Decoding Italian Wine Classifications
A consumer's guide to Italian wine certifications
Today on The Daily Meal
Even for the experienced wine drinker, determining if a bottle of wine you have never tried before is going to be good is difficult. The label can tell you what grapes were used, where they were grown, and how much alcohol the resulting wine is packing, but so many other factors determine the taste — the weather that year, the soil in that vineyard, how the winemaker aged the blend — there’s always a bit of a gamble.
If the bottle under consideration is from Italy, another label note may catch your eye — the certification.
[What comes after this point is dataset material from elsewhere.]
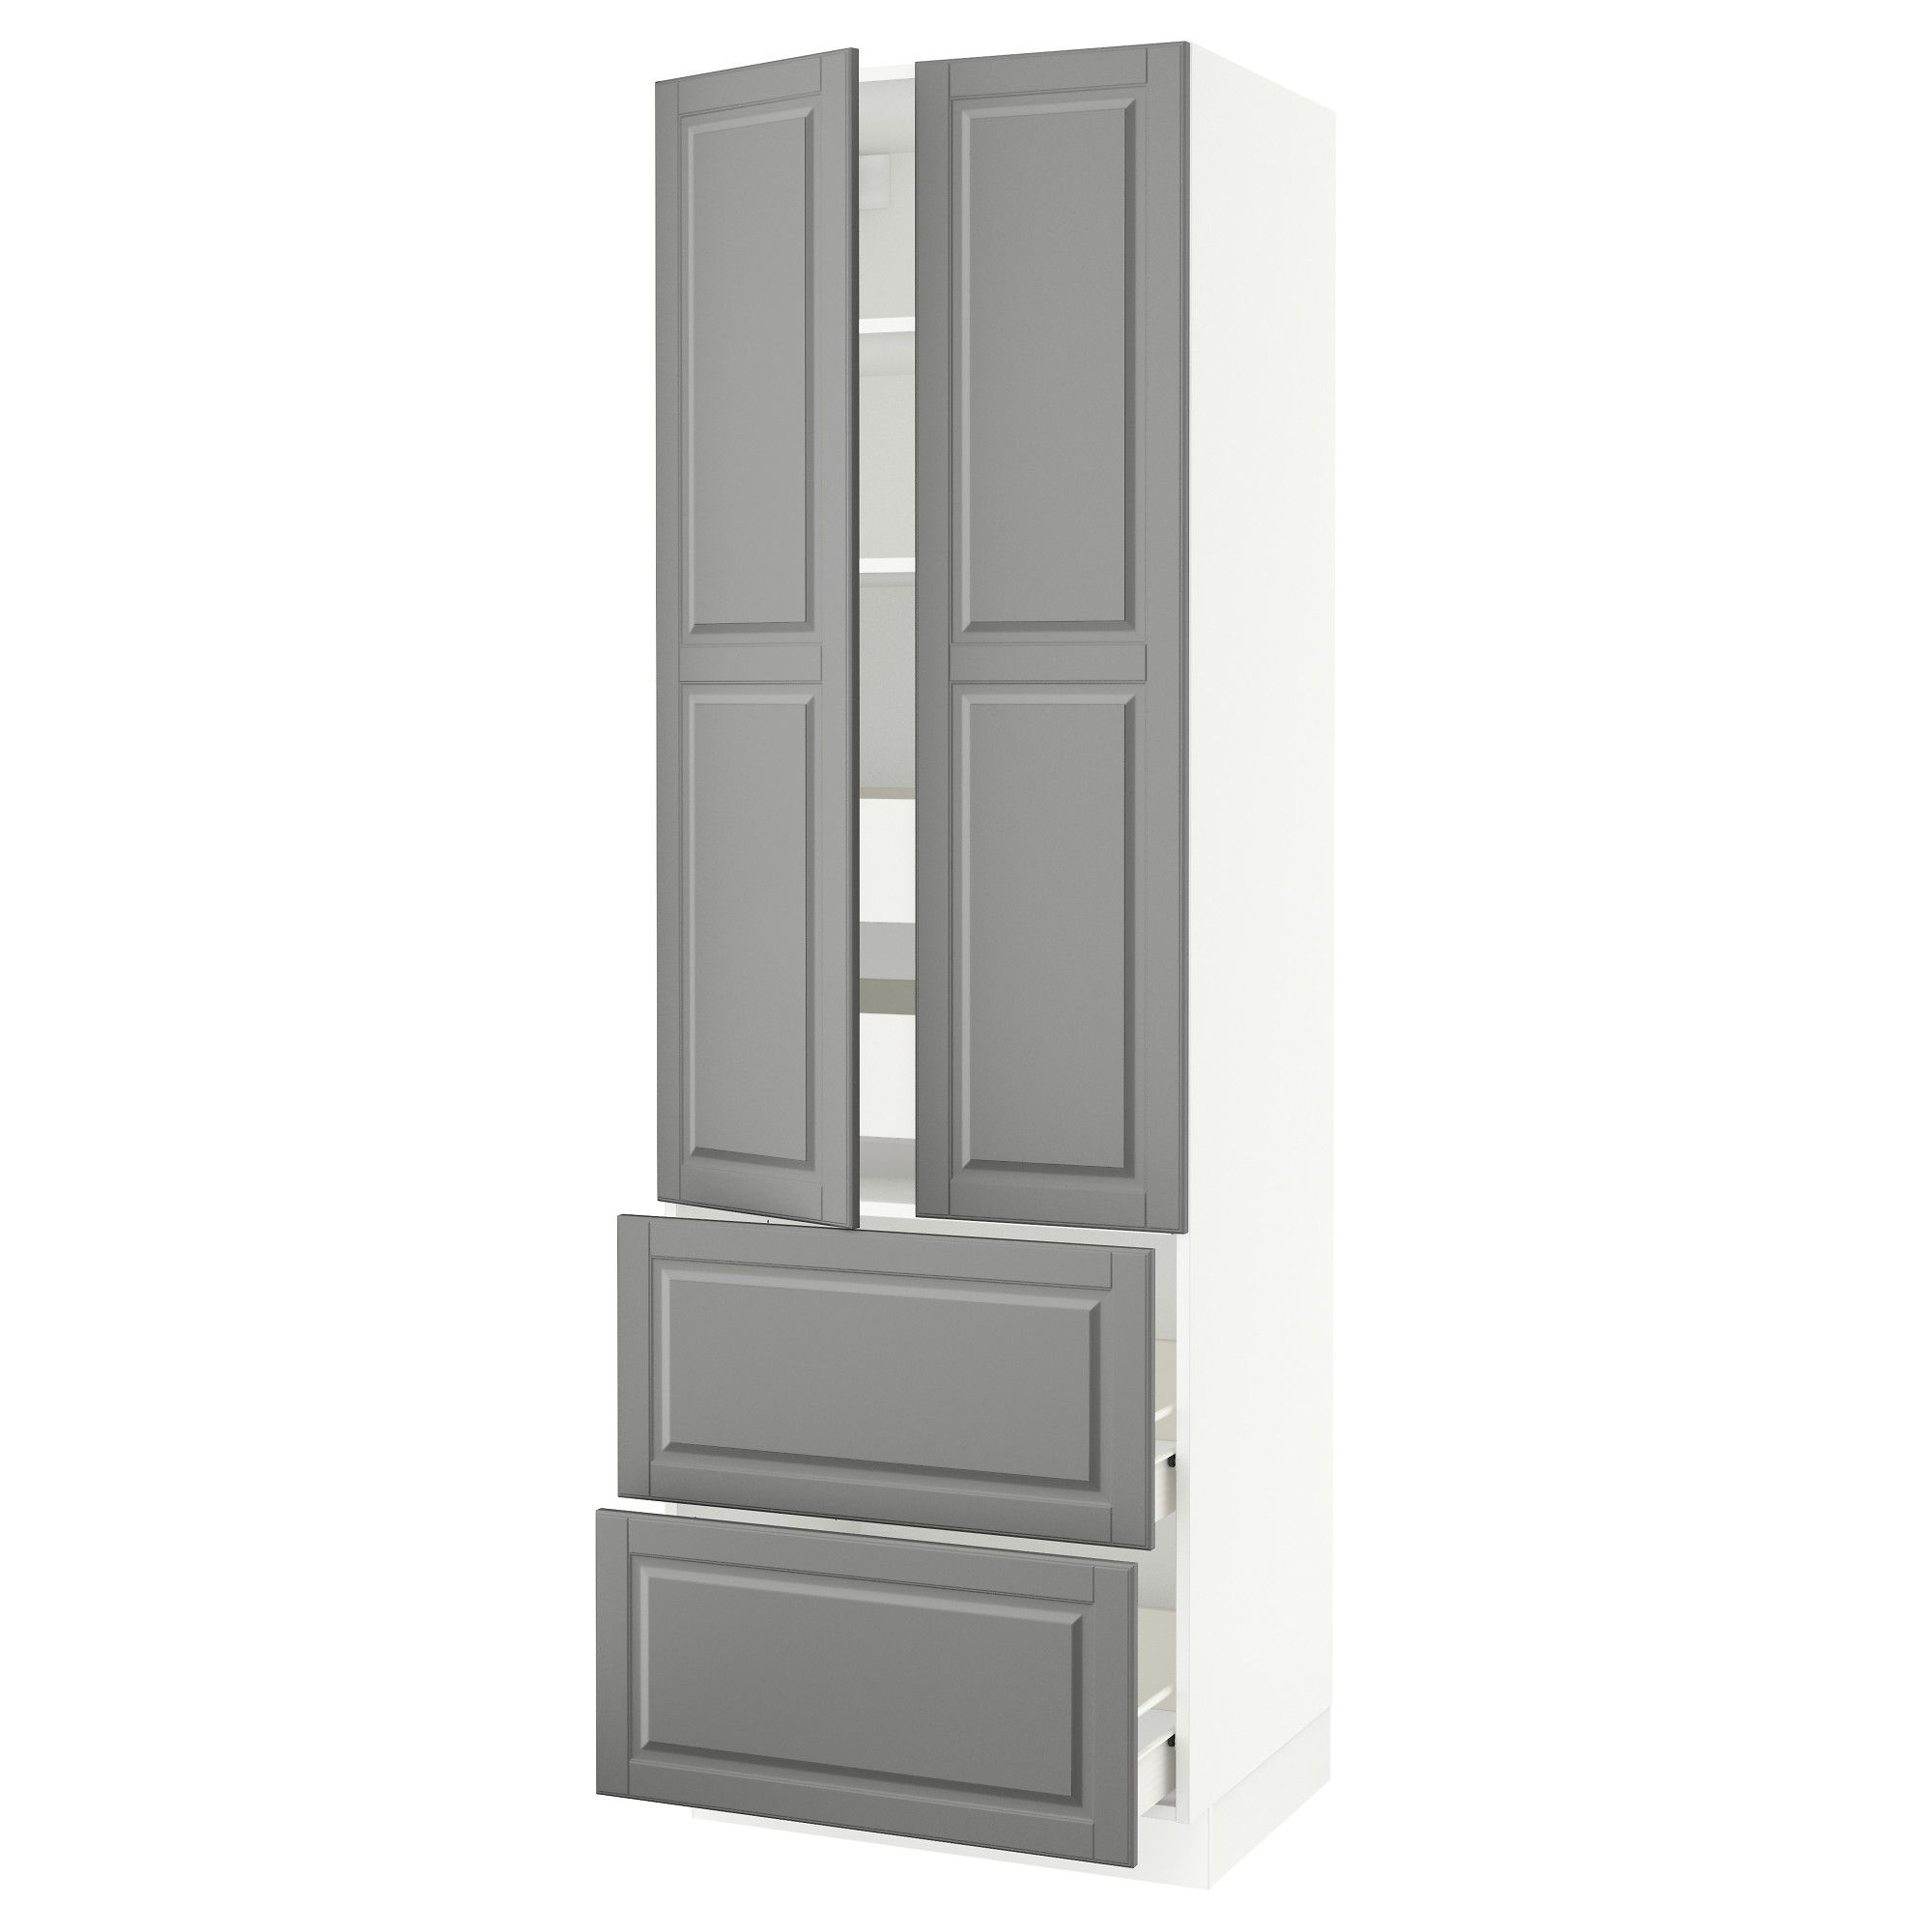 ikea sektion white high cabinet w 2doors 4 drawers frame colour rh pinterest com
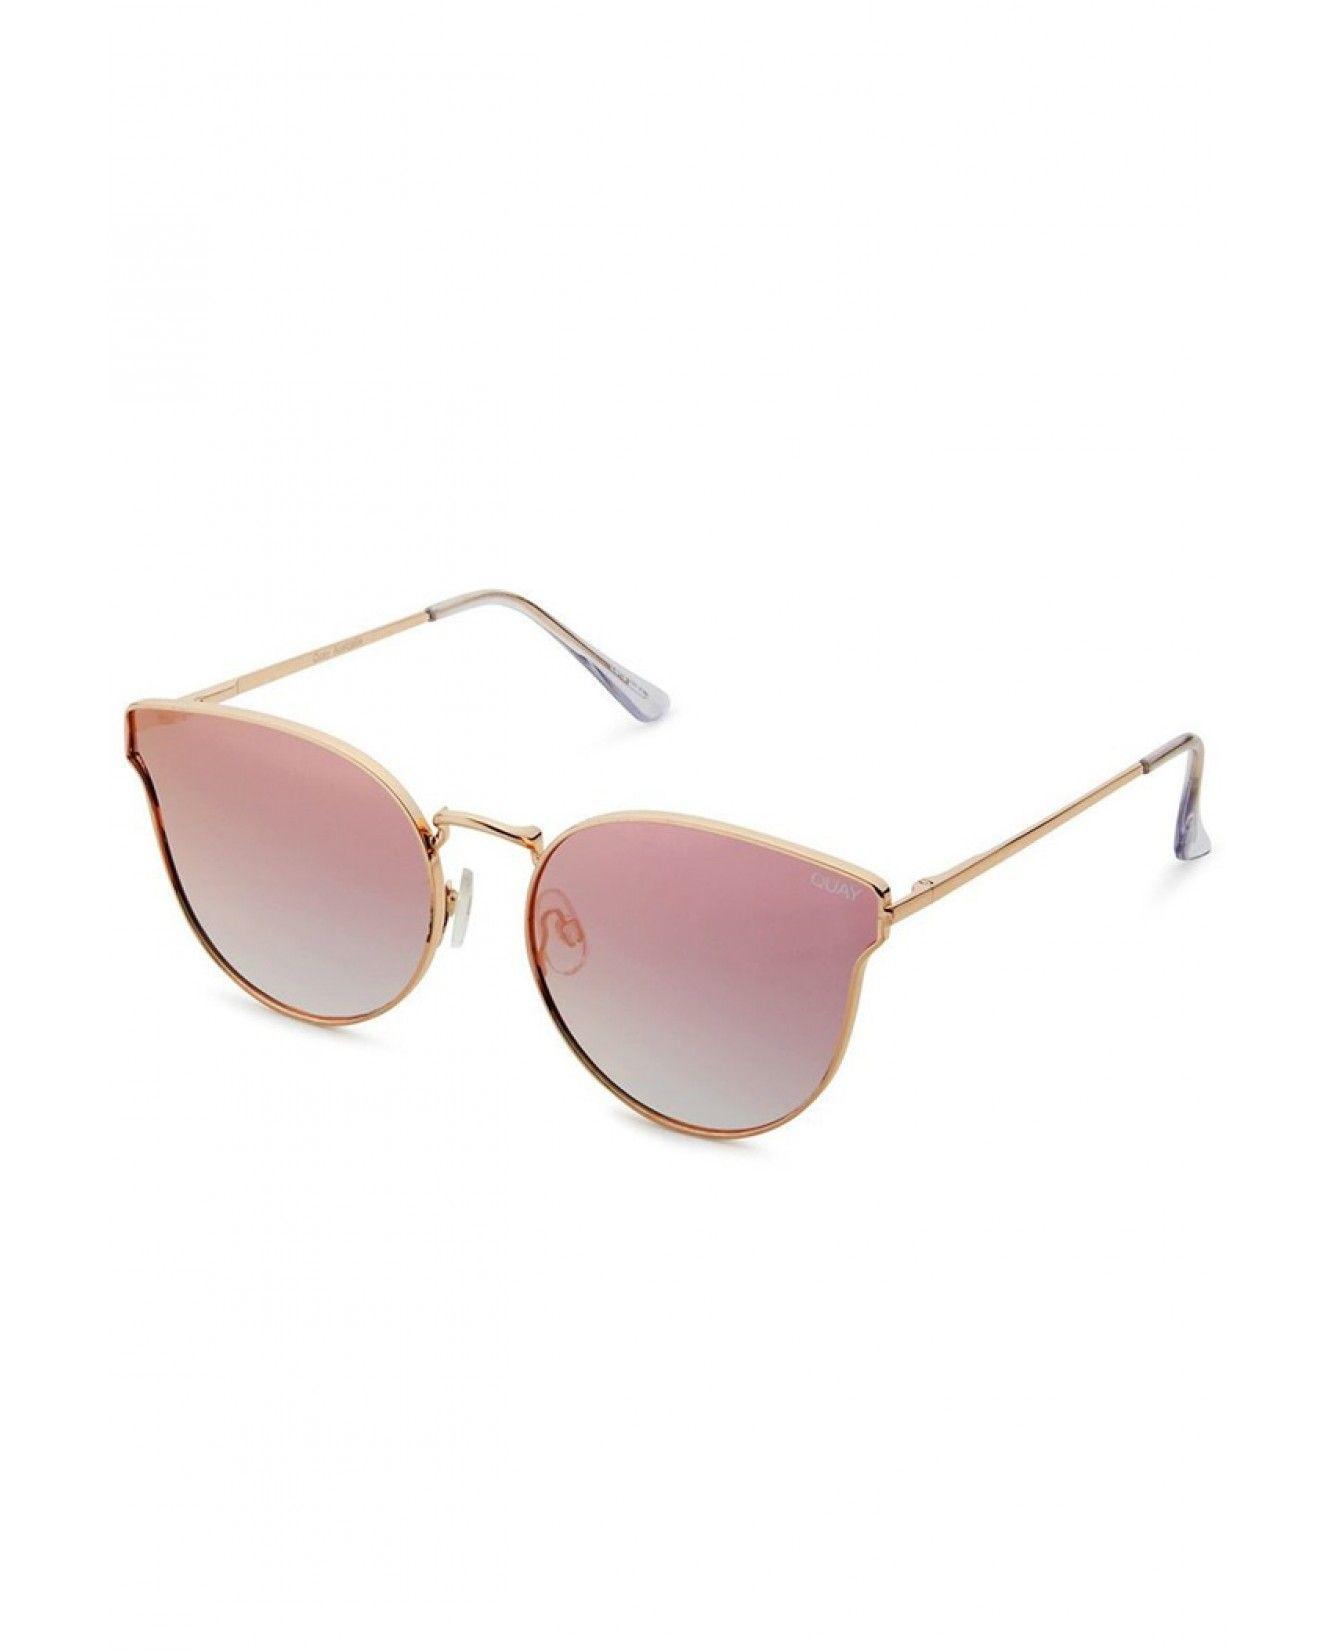 f9ef0d1a2d Quay Eyewear Australia All My Love Sunglasses - Rose Pink

Usually written both on the bottle and a paper stick surrounding the cork, the terms DOCG, DOC, and IGT are bestowed upon Italian wines based on what regulations and specifications the vintners followed when creating them. A caste system of sorts, most consumers assume that the more distinguished the certification, the better the wine. And the fact that a DOCG bottle may cost you quadruple what an IGT will may appear to confirm your suspicions. But hold the credit card for a sec. Let’s work this out.
DOCG: Denominazione di Origine Controllata e Garantita
The highest level an Italian wine can aspire to, a DOCG rating means that the winemakers followed a very strict rulebook when creating the wine. Established to honor Italy’s winemaking traditions, various areas in the country are expected to grow certain grapes and create a certain style of wine. Chianti Classico is a — well — classic example. A wine grown in a certain part of the Chianti area of Tuscany, with the ideal ratio of sangiovese grapes, and aged in a particular manner can apply to be a DOCG. However, just following the rules isn’t enough — to earn the "Garantita" the wine must then pass the scrutiny of a committee that certifies the authenticity and quality of the brew. As a result, there aren’t a lot of DOCG wines, and you’ll pay dearly for them.
DOC: Denominazione di Origine Controllata
At the next tier down, DOC wines are more easily found in your local wine shop. These wines meet the criteria for the style they are being labeled as — they are from the correct area, use the right grapes, and are created using proper methods. Ultimately, this means vintners have followed the area’s ancient recipes and you can be fairly sure of what to expect when you open the cork.
IGT: Indicazione Geografica Tipica
IGT is a relative newcomer to the game of Italian wine. Established in 1992, the title was created to show respect for a new breed of wine coming out of Italy, commonly referred to as Super Tuscans. In short, there were some winemakers in the 1970s who didn’t want to follow the age-old recipe the area was known for. They wanted to play around, and added French grapes like merlot and cabernet sauvignon to their blends. The result was a bold, rich wine that many loved, but because it didn’t meet DOC standards, it was labeled Table Wine. As it grew quickly in popularity and in price, the lowly classification seemed wrong. Now any wine in Italy that meets quality standards but doesn’t follow its region’s typical style can be labeled IGT.
Hence, assuming that the fancier the letters the better the wine isn’t always going to ring true. There are Super Tuscans that wear the IGT label but cost more, and are better rated, than DOCGs. The best bet is to do a little research — you have the unlimited data plan on that smartphone for a reason — and see if the wine style suits your taste. Just like you can’t judge a book from its cover, you can’t always judge a wine by its label.